• PROBLEM: Using only the entries below, copy exactly the lines that begin at the one with "Kalhoty proužkaté - Obrázek č. 1" and end at the one with "FSLaser Muse Fiber 3D Vision", both included. Drop the pictures.

• TASK INPUTS:

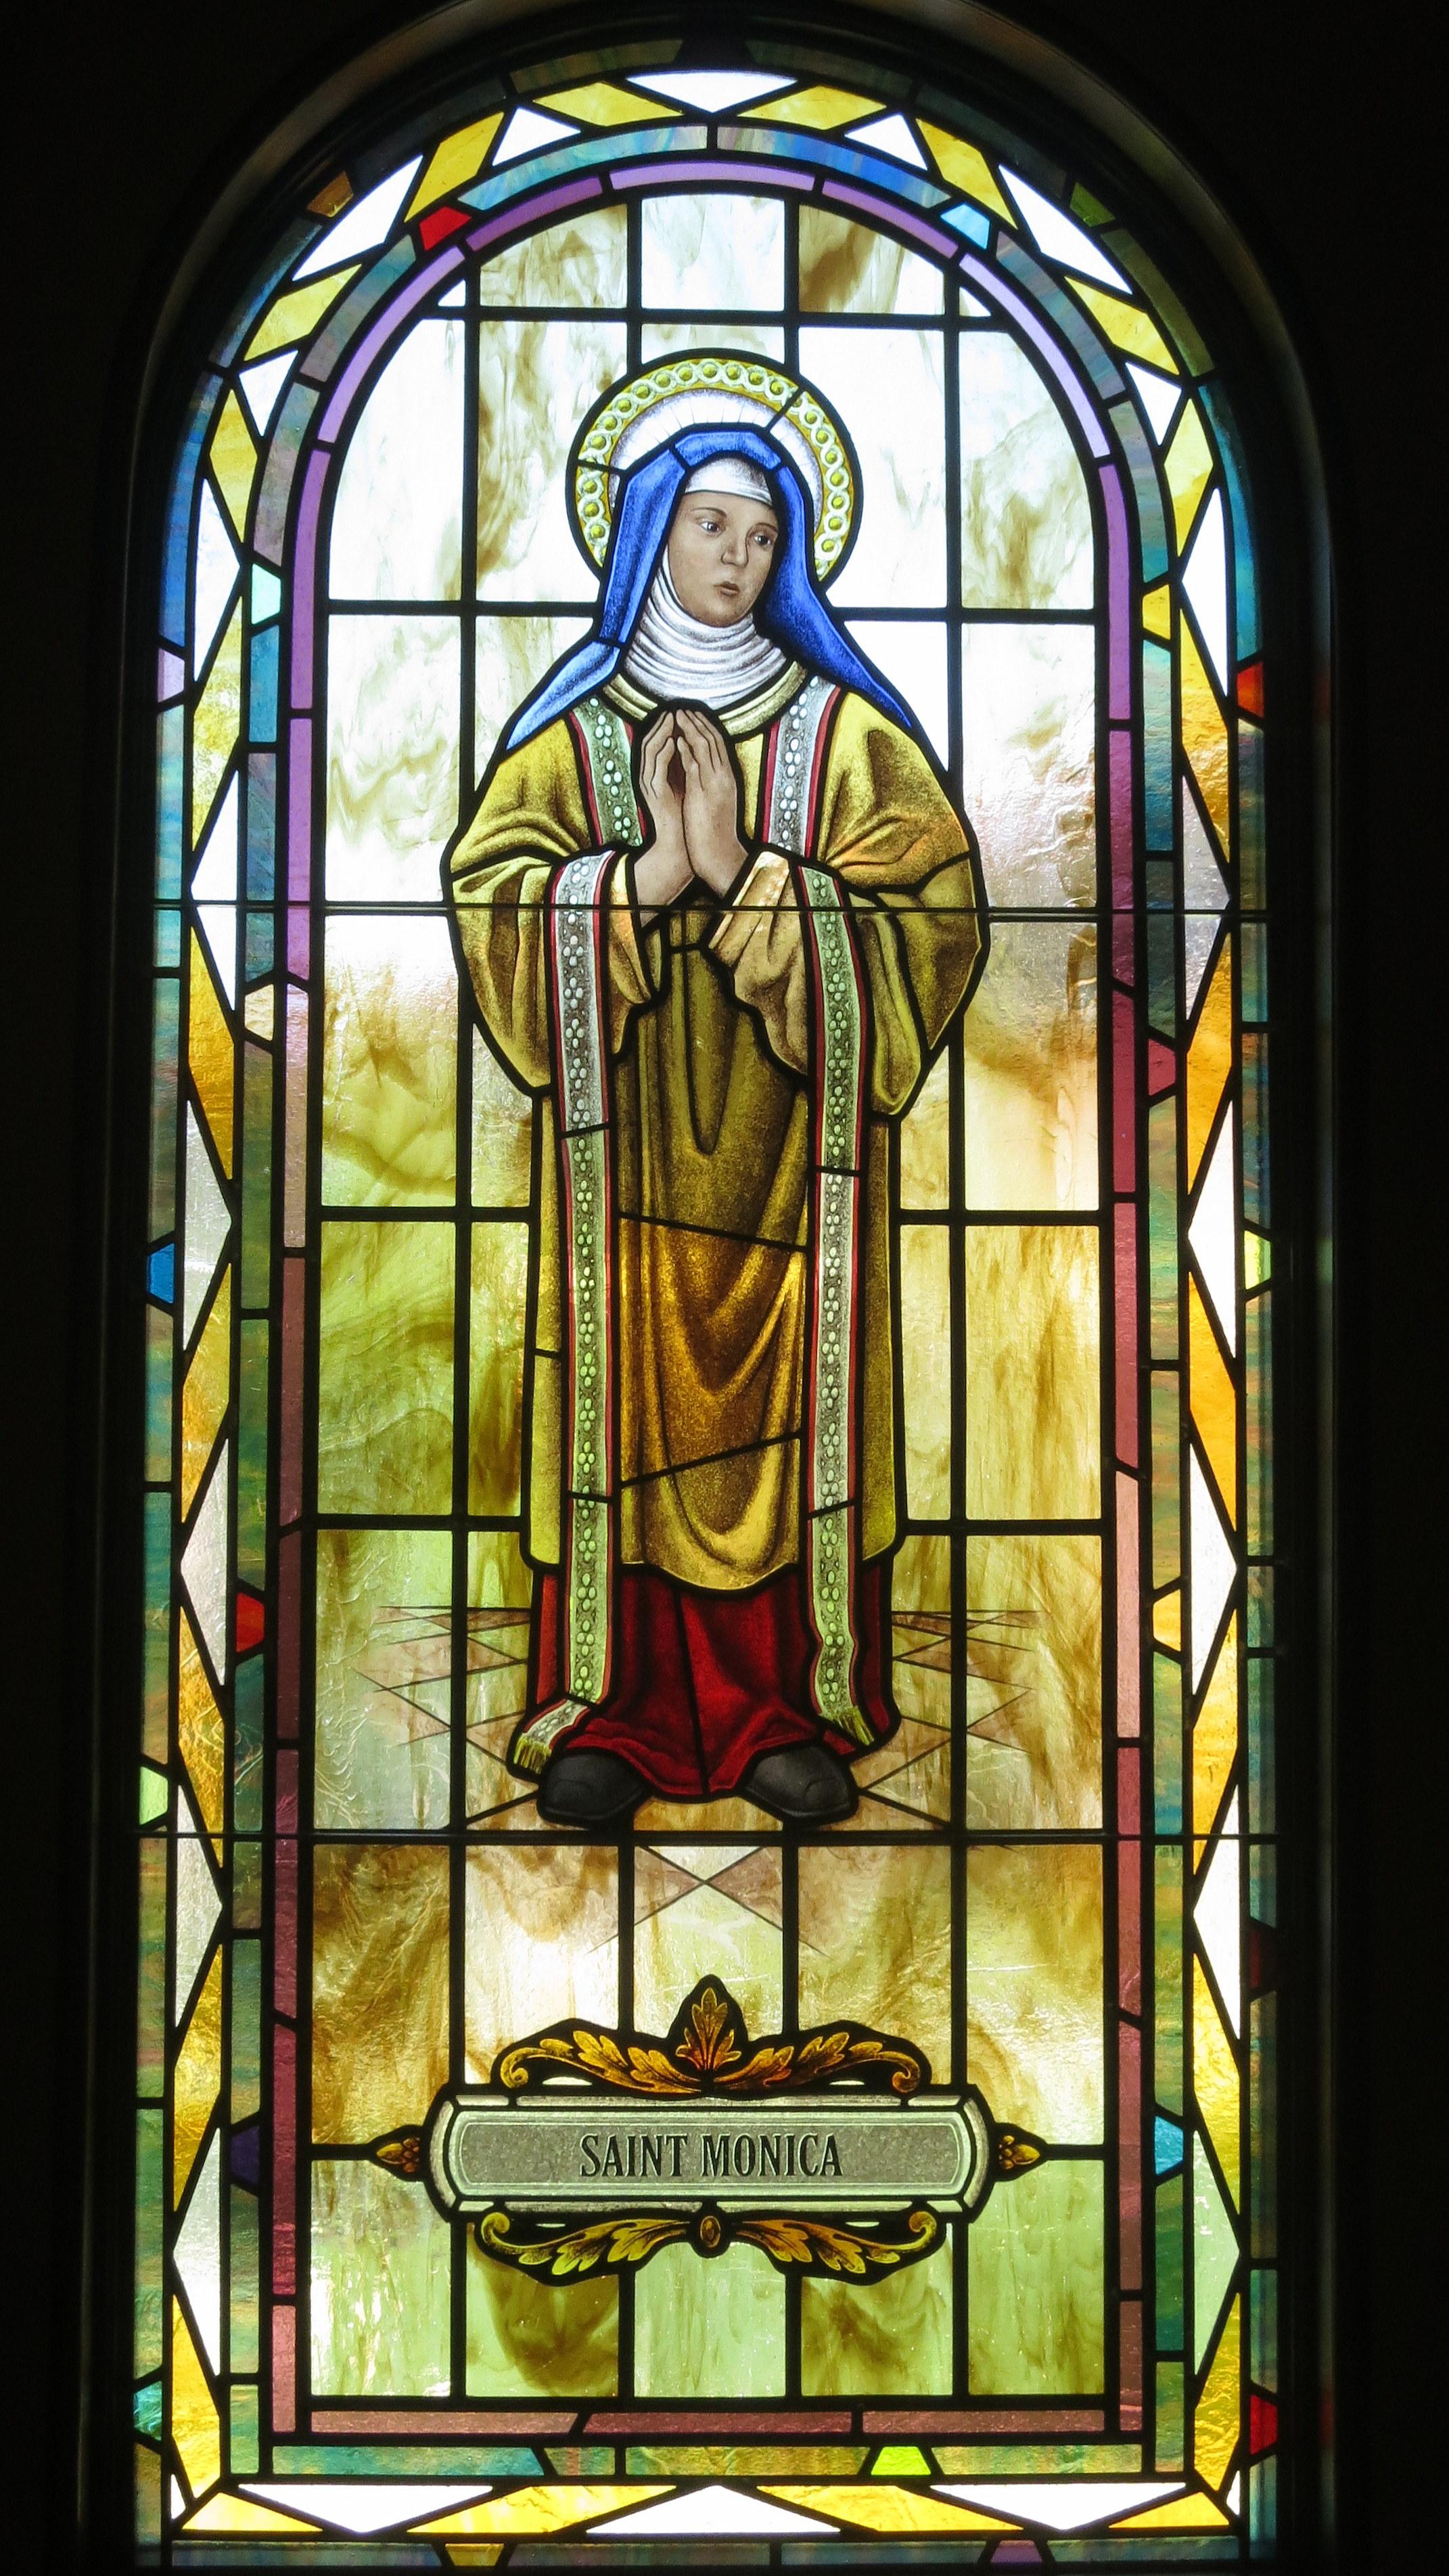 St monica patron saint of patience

...

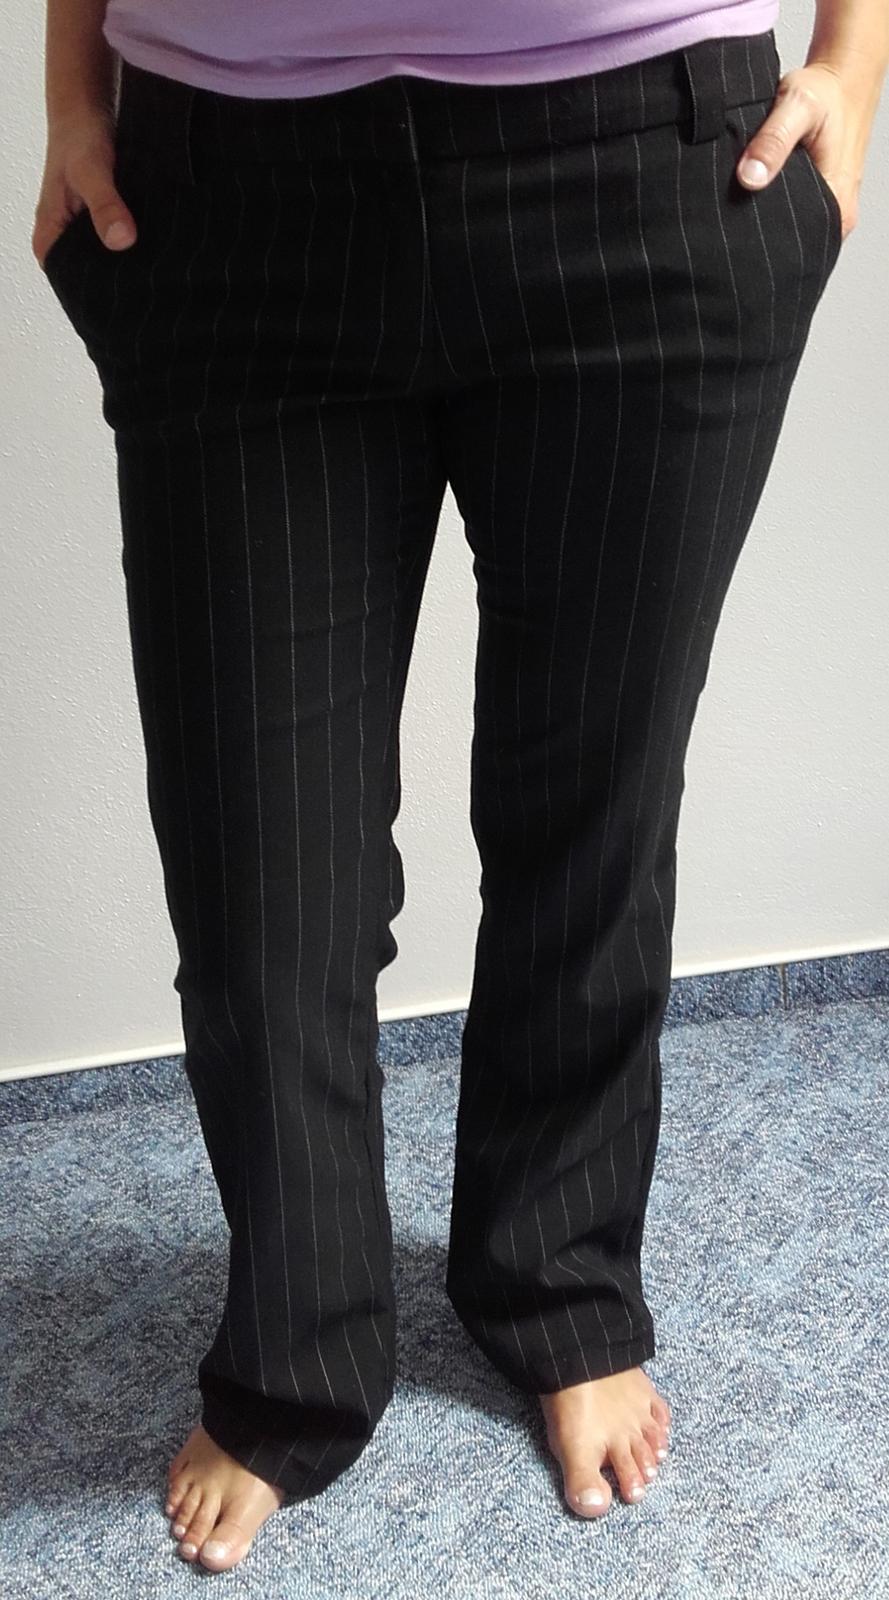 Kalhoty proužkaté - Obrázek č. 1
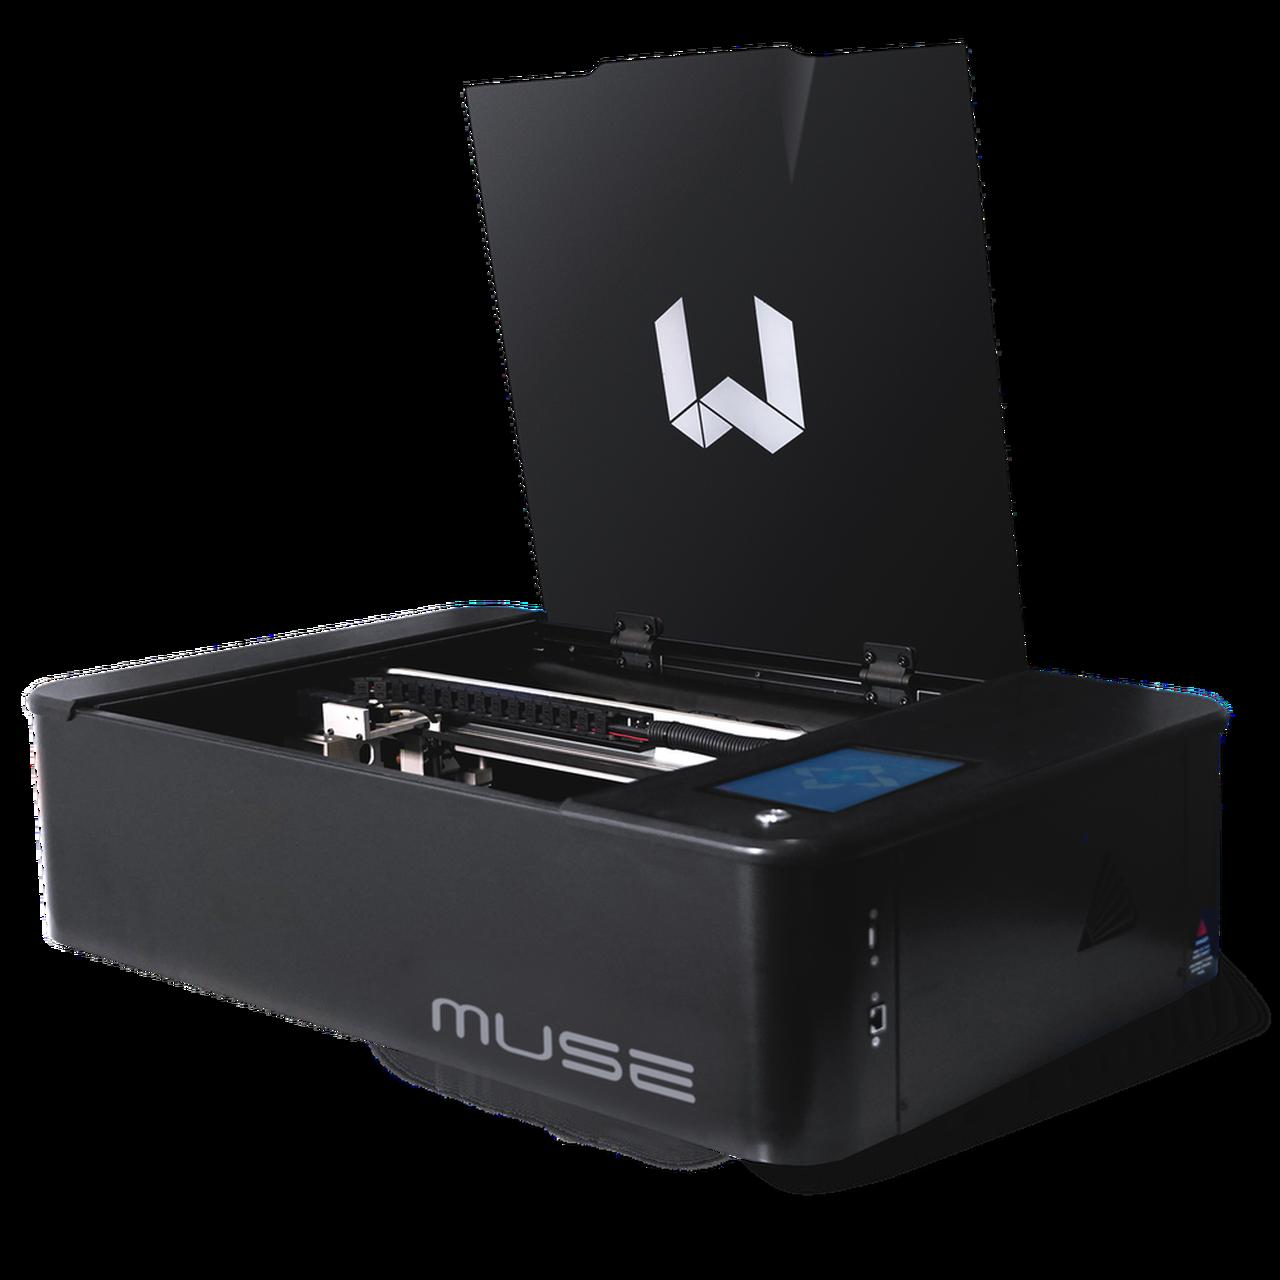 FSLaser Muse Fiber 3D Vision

---

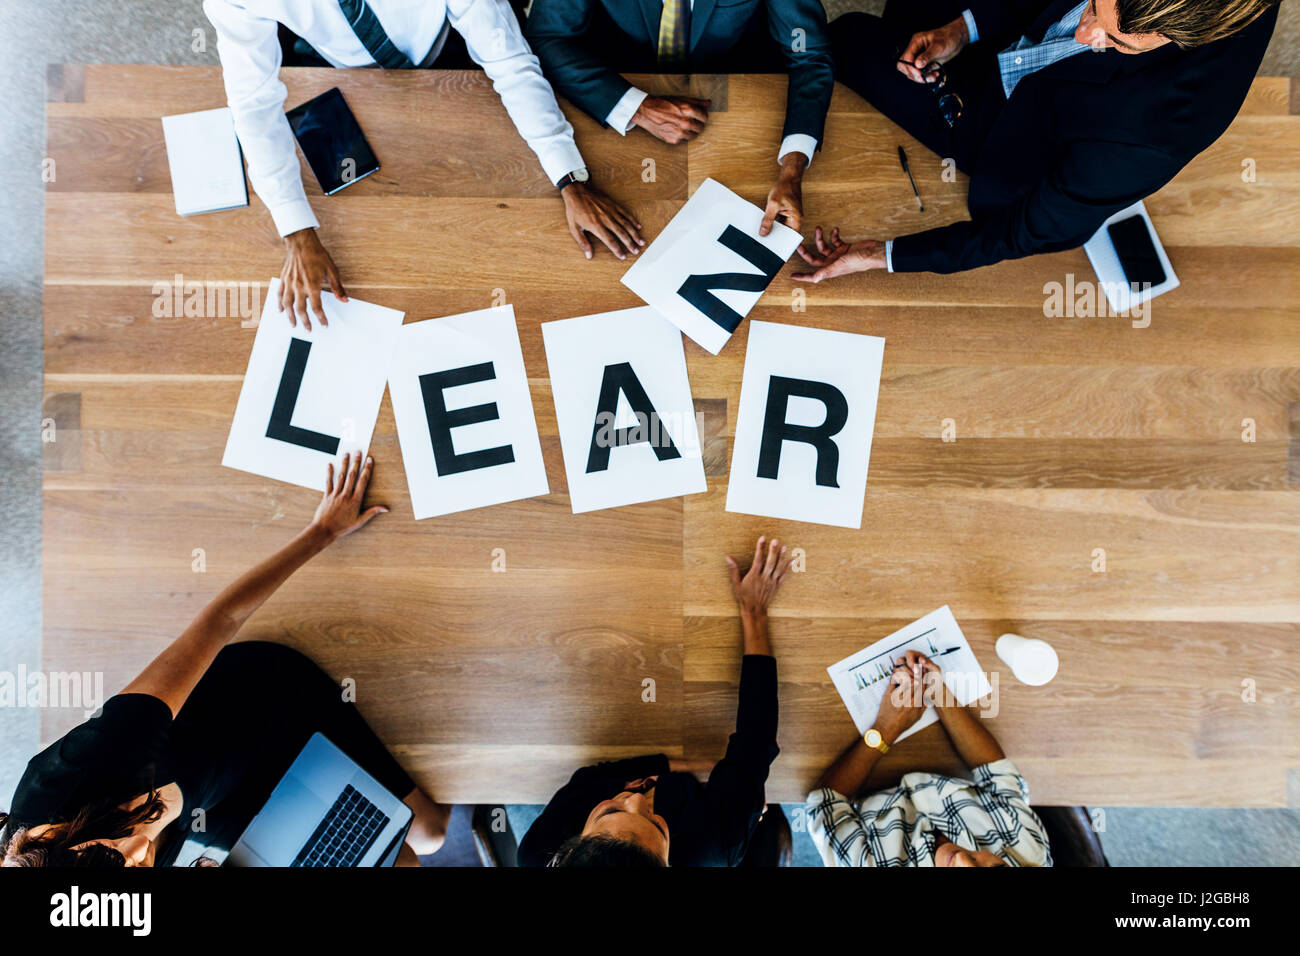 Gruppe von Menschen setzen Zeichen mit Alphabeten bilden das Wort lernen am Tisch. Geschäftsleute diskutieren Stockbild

• EXERCISE RESPONSE:
 Kalhoty proužkaté - Obrázek č. 1
 FSLaser Muse Fiber 3D Vision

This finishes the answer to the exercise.